Your response should consist of the entire listing, transcribed exactly, with every image left out.

- **Data shown**
━━━━━━━━━━━━━━━━━━━━
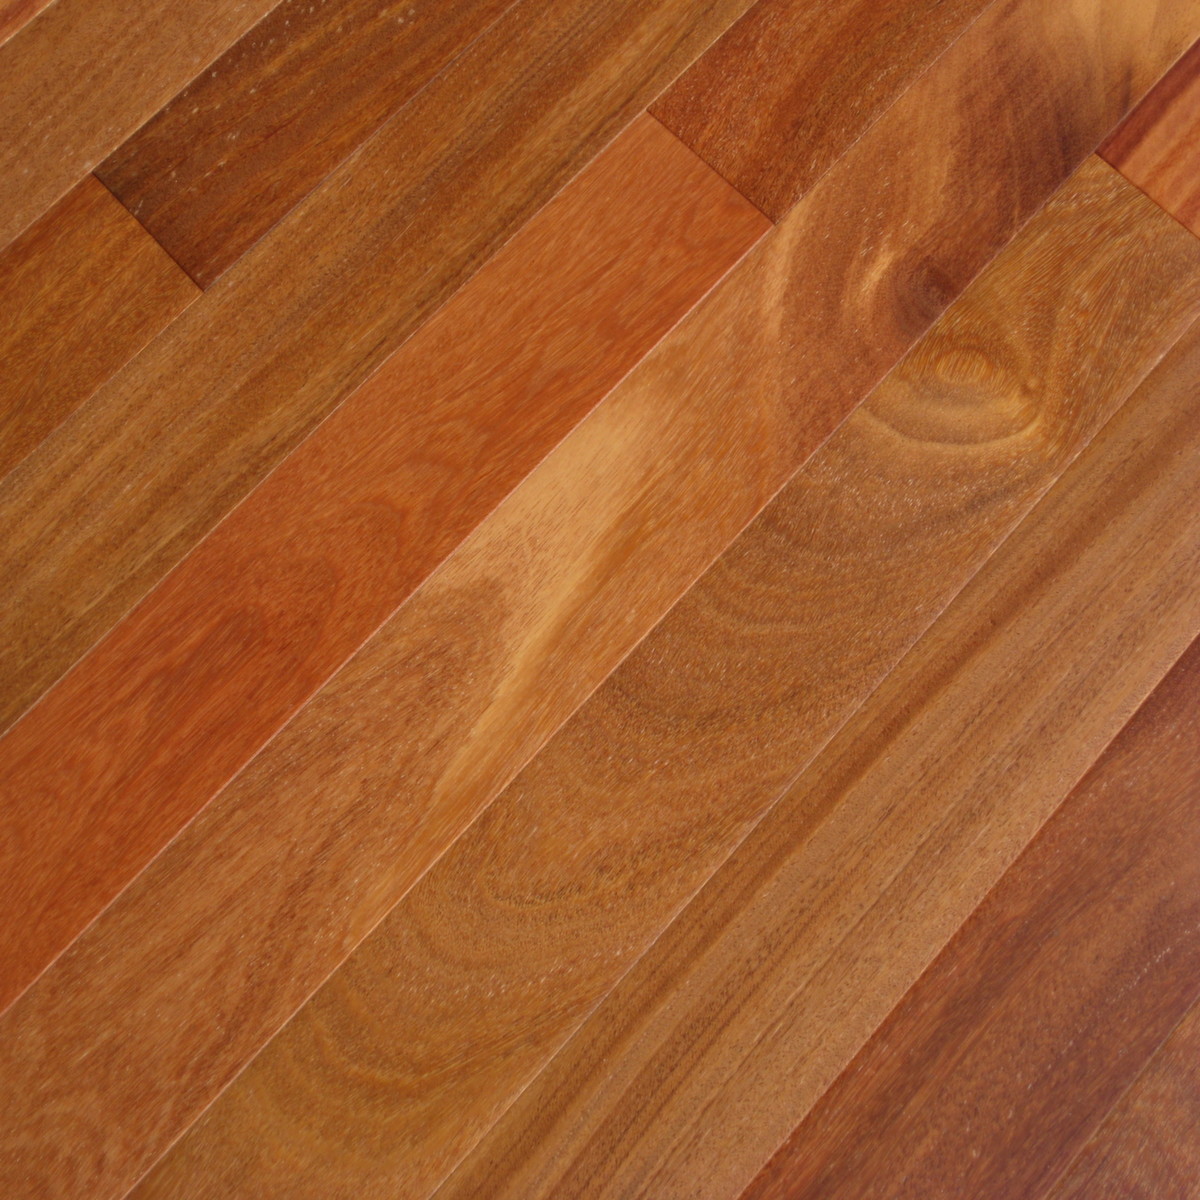 teak flooring cumaru dark (brazilian teak) hardwood flooring | prefinished solid hardwood  floors, elegance VGKGZYG
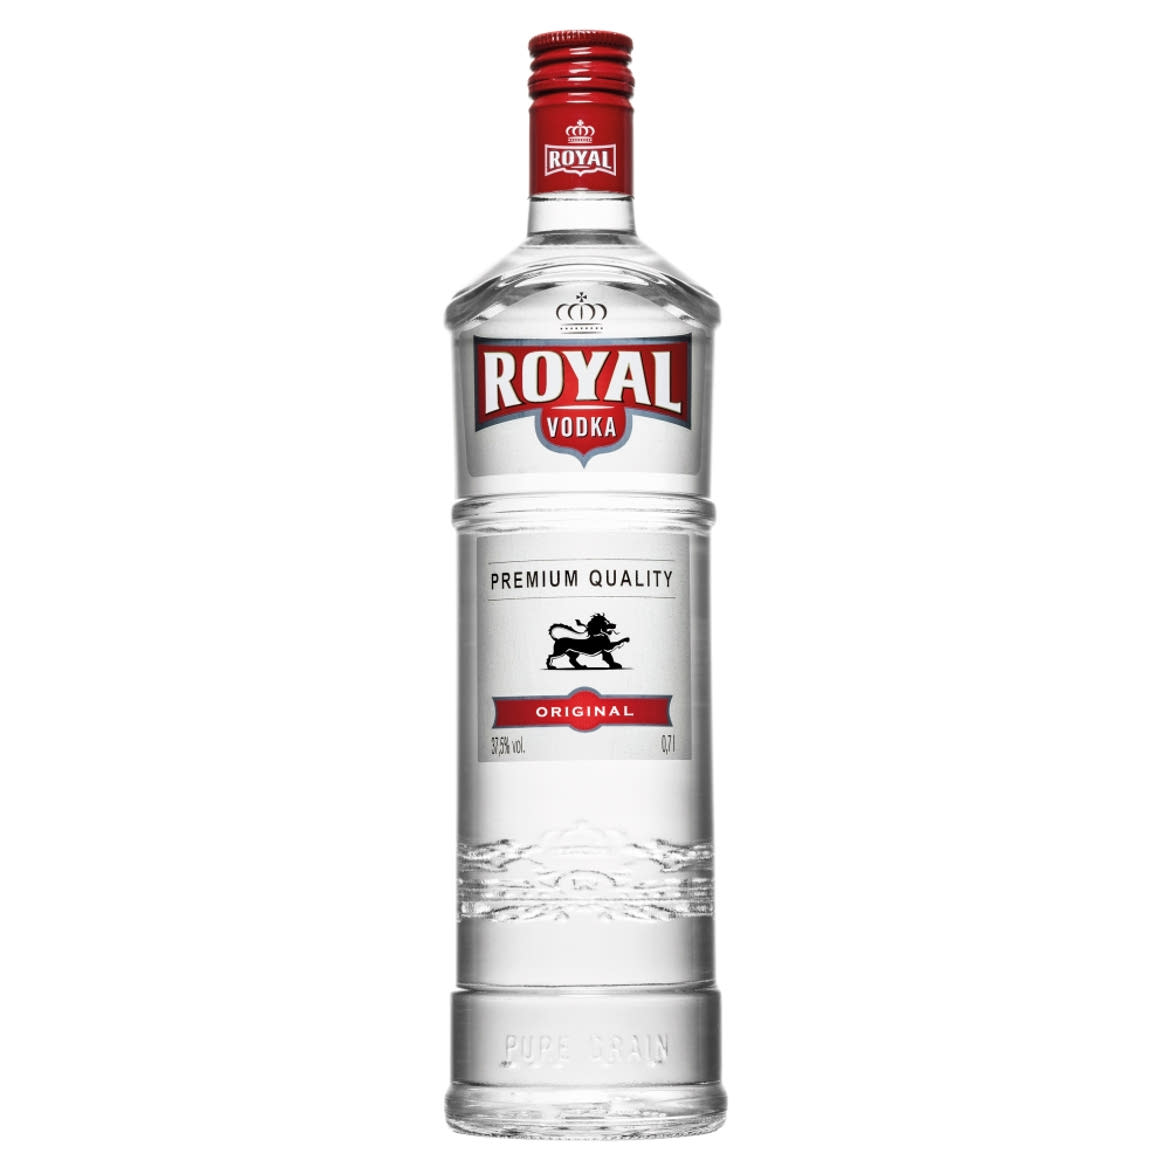 Royal vodka 37,5%
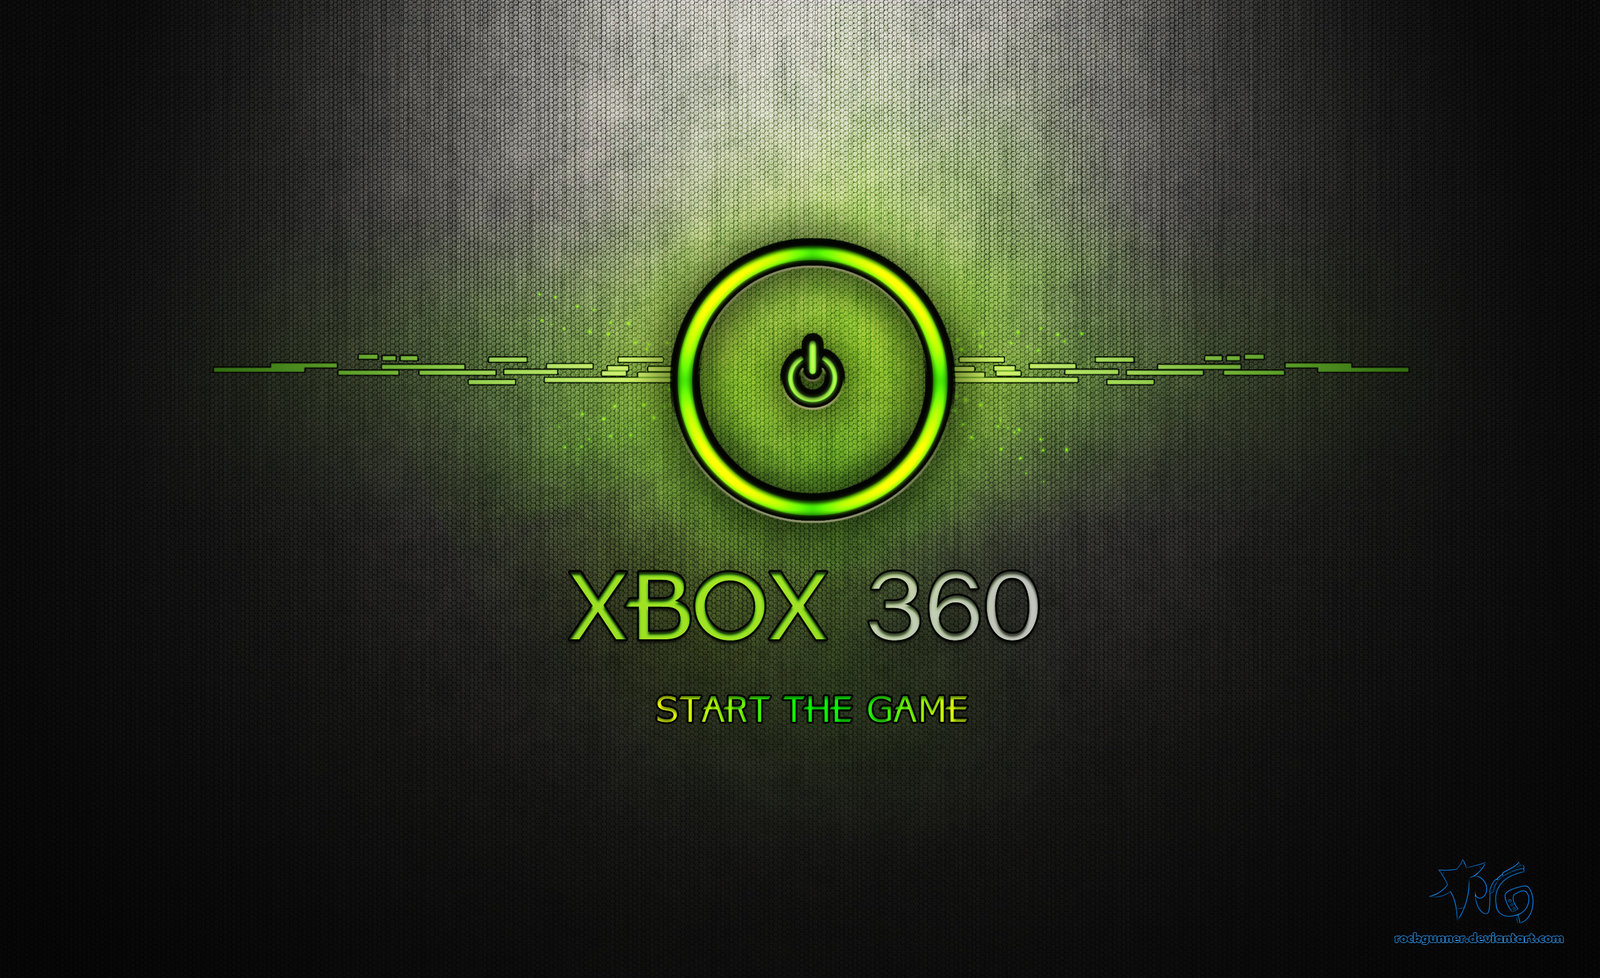 Xbox 360 wallpapers: Giờ đây bạn có thể thể hiện đam mê với dòng sản phẩm Xbox 360 thông qua bộ sưu tập hình nền đẹp mắt. Từ những hình ảnh game quen thuộc đến những hình nền mang phong cách độc đáo, bạn sẽ tìm thấy hình nền trong mơ cho chiếc máy của mình. Xem qua hình ảnh để tìm những trải nghiệm mới và cập nhật cho thế giới game của mình.
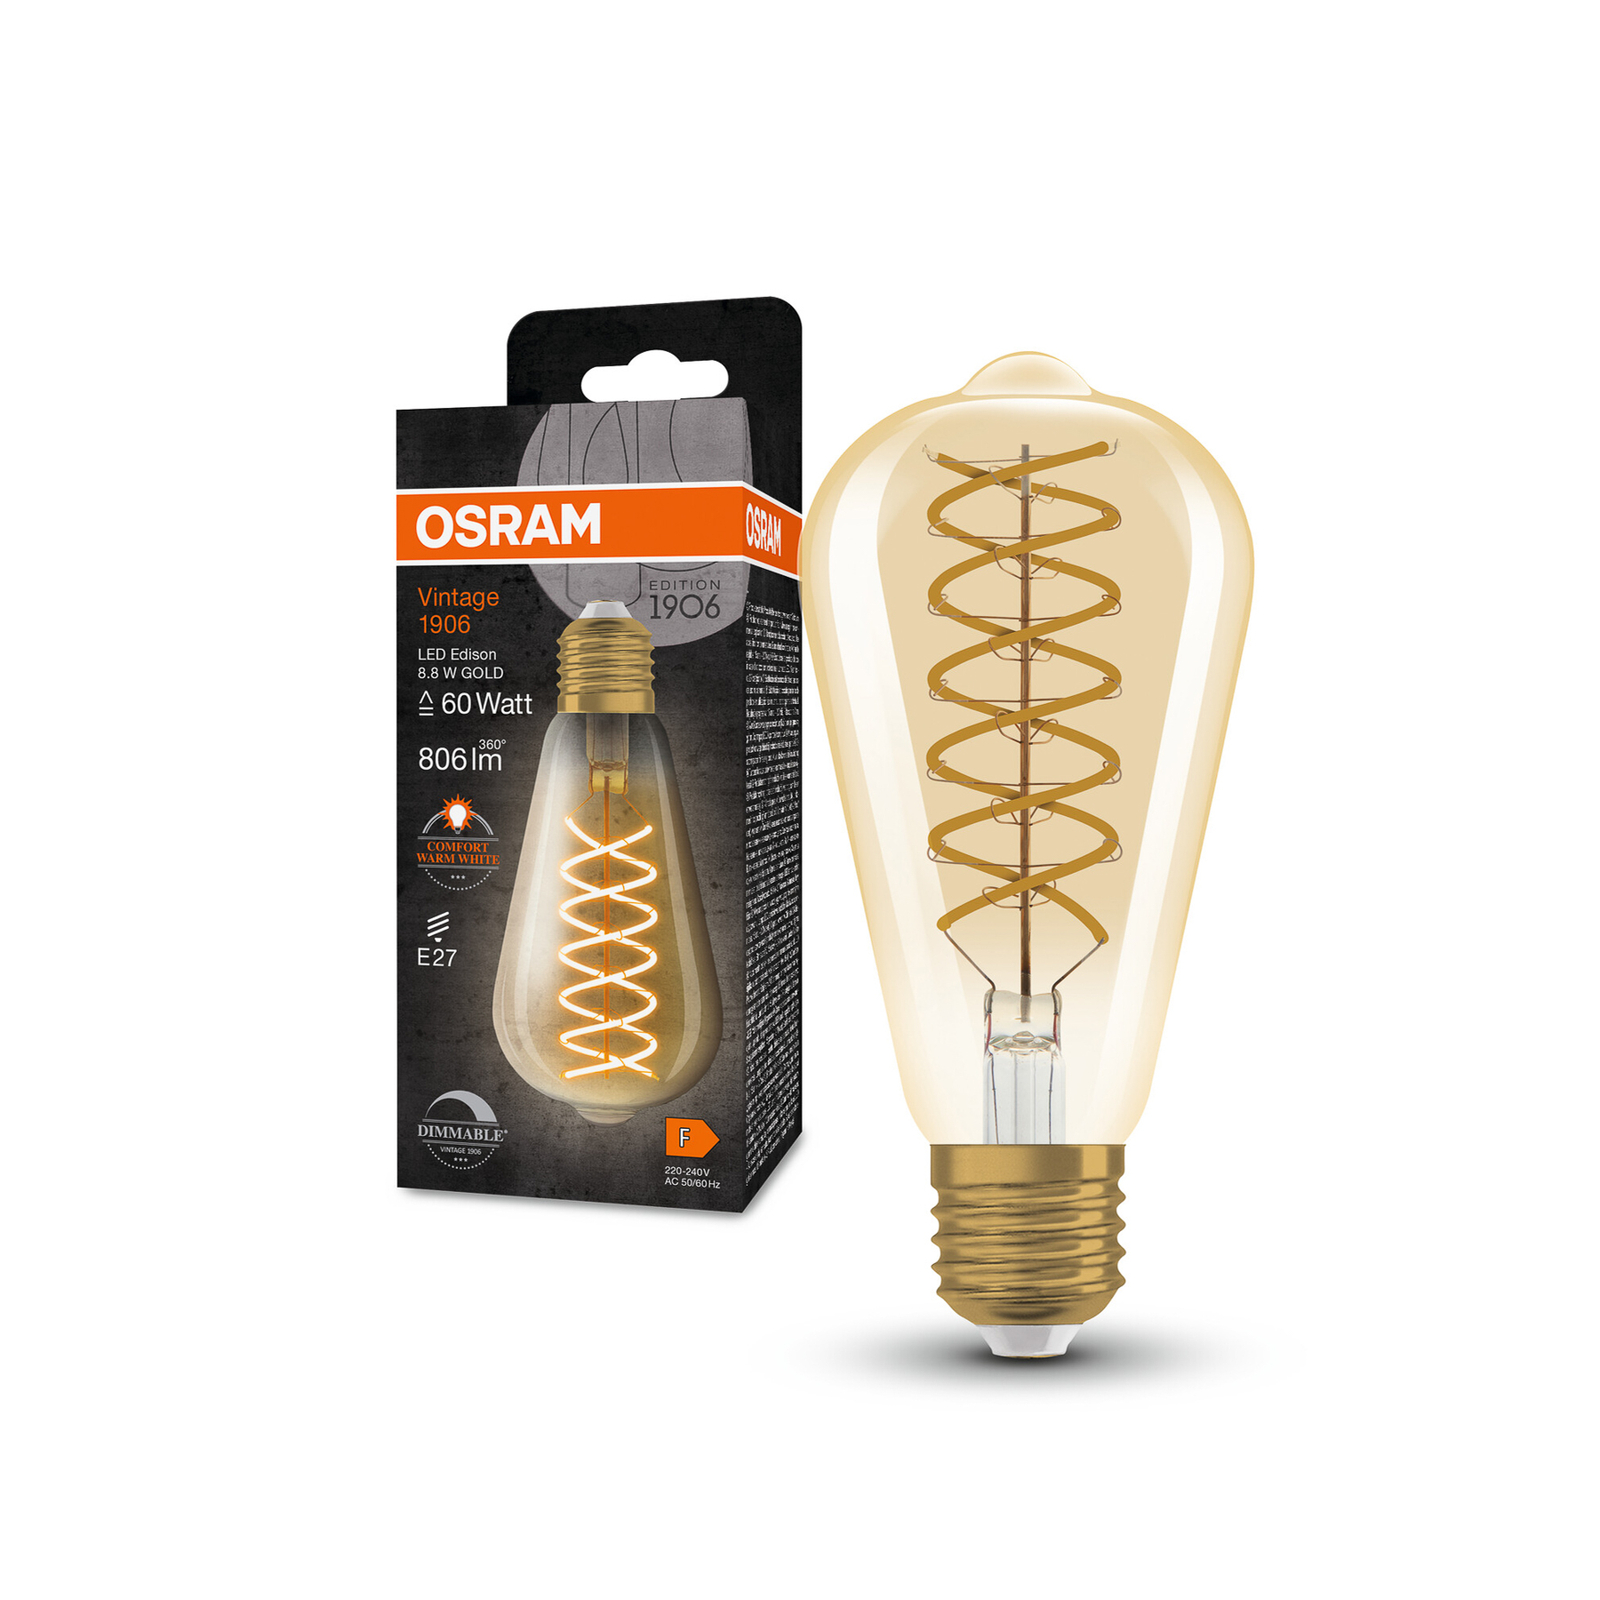 OSRAM LED Vintage 1906 Edison, zlatá, E27, 8,8 W, 824, tl.
━━━━━━━━━━━━━━━━━━━━
- **Response area**
 teak flooring cumaru dark (brazilian teak) hardwood flooring | prefinished solid hardwood  floors, elegance VGKGZYG
 Royal vodka 37,5%
 Xbox 360 wallpapers: Giờ đây bạn có thể thể hiện đam mê với dòng sản phẩm Xbox 360 thông qua bộ sưu tập hình nền đẹp mắt. Từ những hình ảnh game quen thuộc đến những hình nền mang phong cách độc đáo, bạn sẽ tìm thấy hình nền trong mơ cho chiếc máy của mình. Xem qua hình ảnh để tìm những trải nghiệm mới và cập nhật cho thế giới game của mình.
 OSRAM LED Vintage 1906 Edison, zlatá, E27, 8,8 W, 824, tl.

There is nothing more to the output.